A stage-to-screen adaptation of “a true story that became a musical sensation” (originally based on a Channel 4 documentary), Everybody’s Talking About Jamie arrives on Amazon Prime Video this weekend. Insecurity and prejudice surrounding sexuality have by no means gone away even with the increasing prevalence of queer experience and culture onscreen and on-stage, Jamie’s problem isn’t its messaging — which is fine, and positive — but more in its own closed-off perspective: both because of its being from a mostly cis white point of view, as well as a limited visual imagination.

First time film director Jonathan Butterell, who directed the London stage show as well, doesn’t seem to know what to do with on-screen space when the characters aren’t singing and dancing, and no number of Bianca Del Rio cameos can stave off the disconnect that forms between the drama and the musical numbers. Even when the singing starts, while there’s choreography that will probably delight fans of the stage show, there’s not an abundance of variety.

Watch a trailer for Everybody's Talking About Jamie

An exception might be in the track 'This Was Me', which has Richard E Grant’s character walk Jamie through his complex, tumultuous history of drag and oppression in the UK, through home video footage, in a rare moment of cinematic creativity from the directors - even if the song doesn’t really stick in the mind.

Later, 'Work of Art' plays with shifting colour and a shifting background. But these are brief flashes of inspiration, the rest of Jamie feels, sadly, less worth talking about.

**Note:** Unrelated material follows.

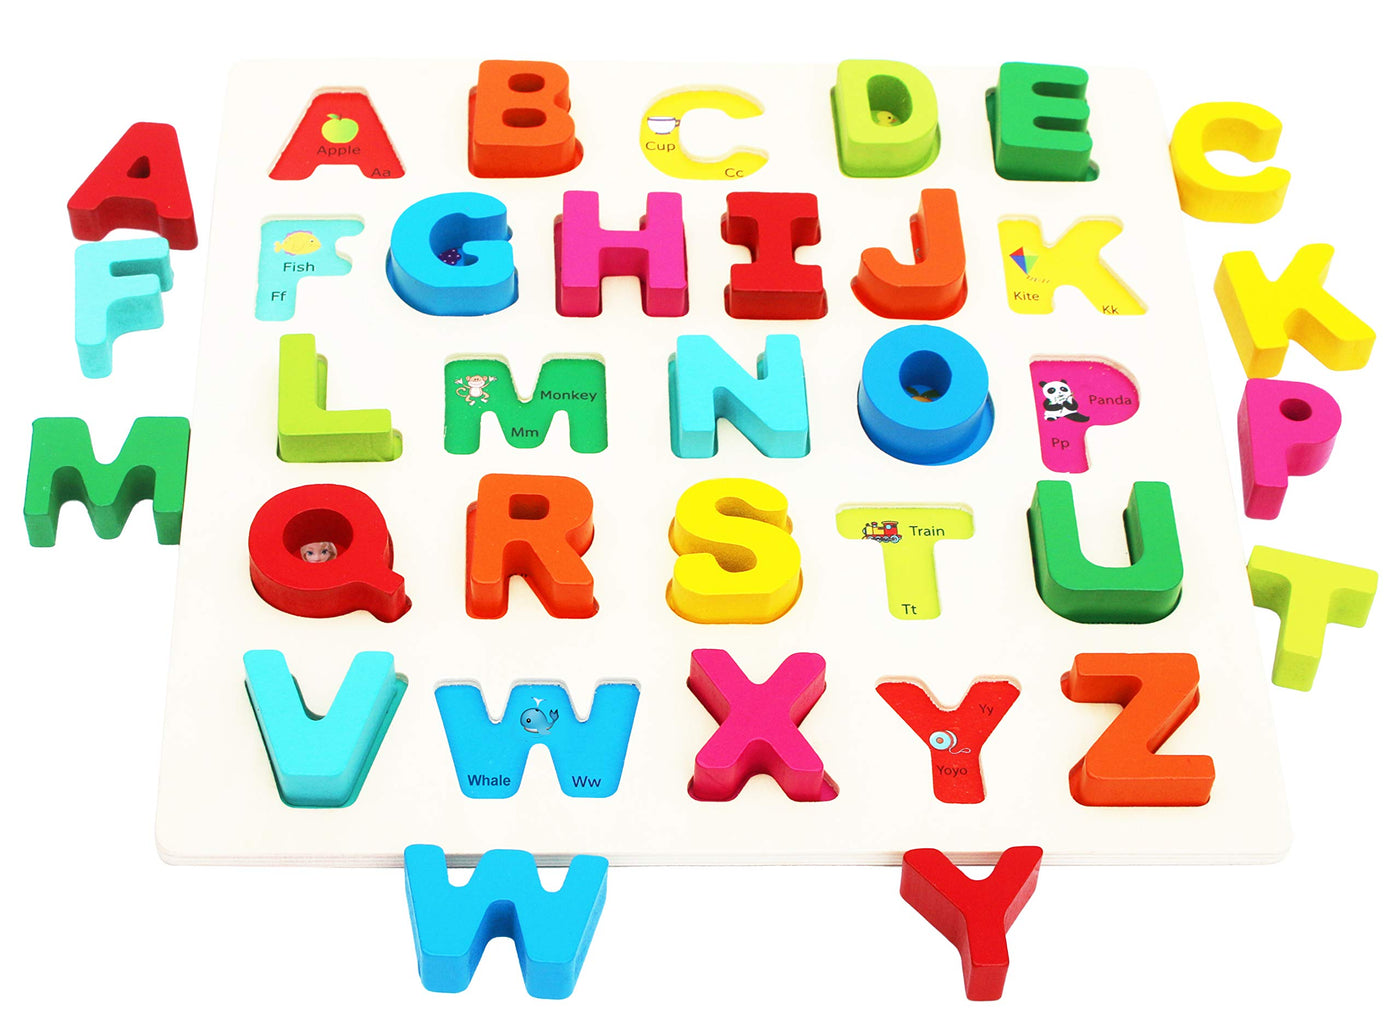 Wooden alphabet toy for toddlers - game board with large letters and English vocabulary - wooden puzzle

Also new on Prime Video: The Mad Woman’s Ball

Man on Fire - Netflix

American actors Denzel Washington and Dakota Fanning on the set of Man of Fire, directed and produced by Tony Scott. (Photo by Twentieth Century Fox/Regency/Sunset Boulevard/Corbis via Getty Images)
Denzel Washington and Dakota Fanning on the set of Man of Fire, directed and produced by Tony Scott. (Twentieth Century Fox/Regency/Sunset Boulevard/Corbis via Getty Images)

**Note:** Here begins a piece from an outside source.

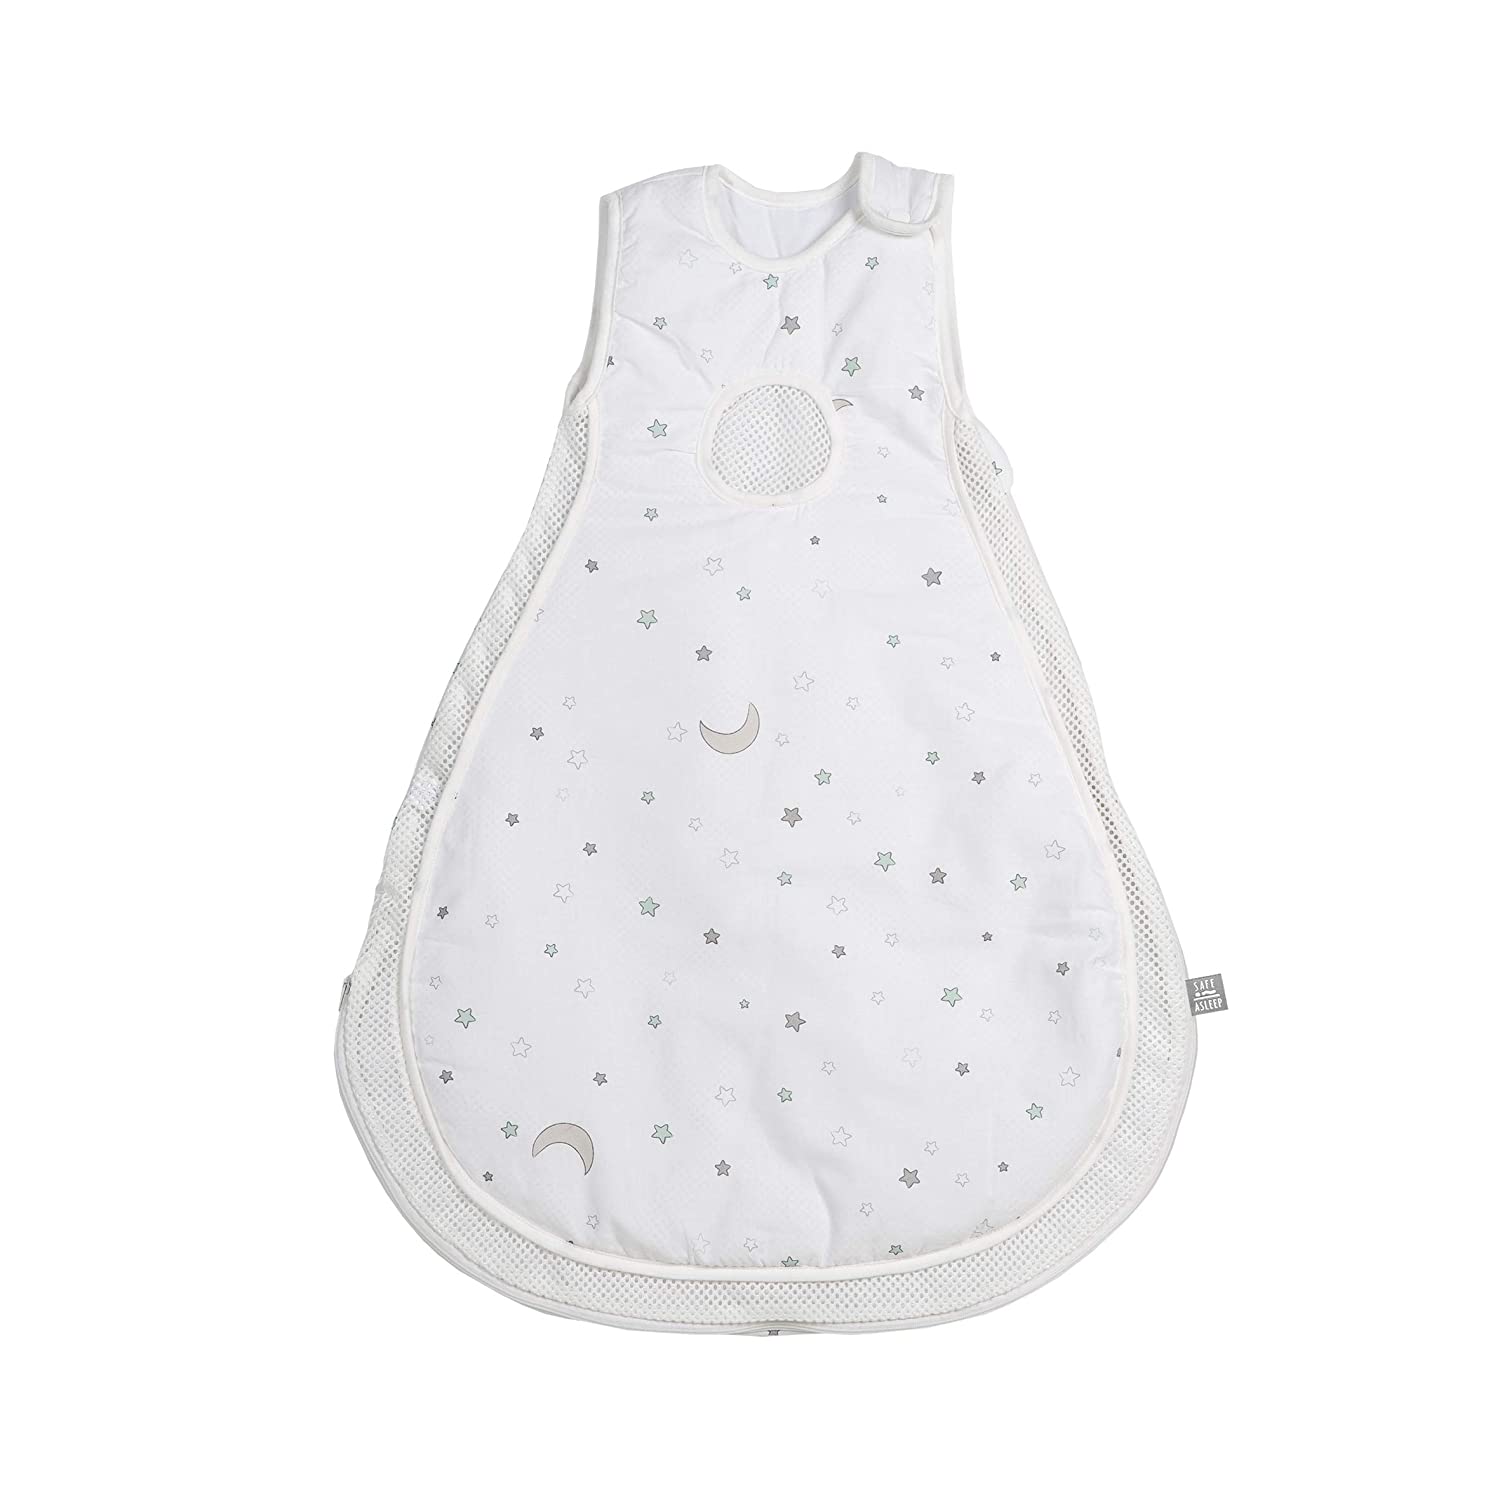 Safe Sleep by Roba Easy Air Baby Sleeping Bag \"Star Magic\", Size 74/80 cm, 100% Cotton, Woven, Printed, Soft Filling 100% PES, Mesh Inserts, Air Balance System

Potentially Tony Scott’s finest work with Denzel Washington, Man on Fire is equal parts minimal and ridiculous: a stripped back revenge narrative paired with some melodrama and ridiculous kills (one in particular with a bomb will be a talking point).

Denzel plays the ex-CIA operative John Creasy, who reluctantly accepts a job as the bodyguard for a 10-year-old girl (Dakota Fanning) in Mexico City. After first clashing they form a bond, but the girl is kidnapped, and Creasy brings his wrath down on those responsible.

It’s a film that takes a little while to warm up but once Man on Fire gets going, it really sets ablaze, a deliriously good time with a genuine air of tragedy about it, as Denzel’s trademark charm and humanity becomes gradually reduced by the acts he commits.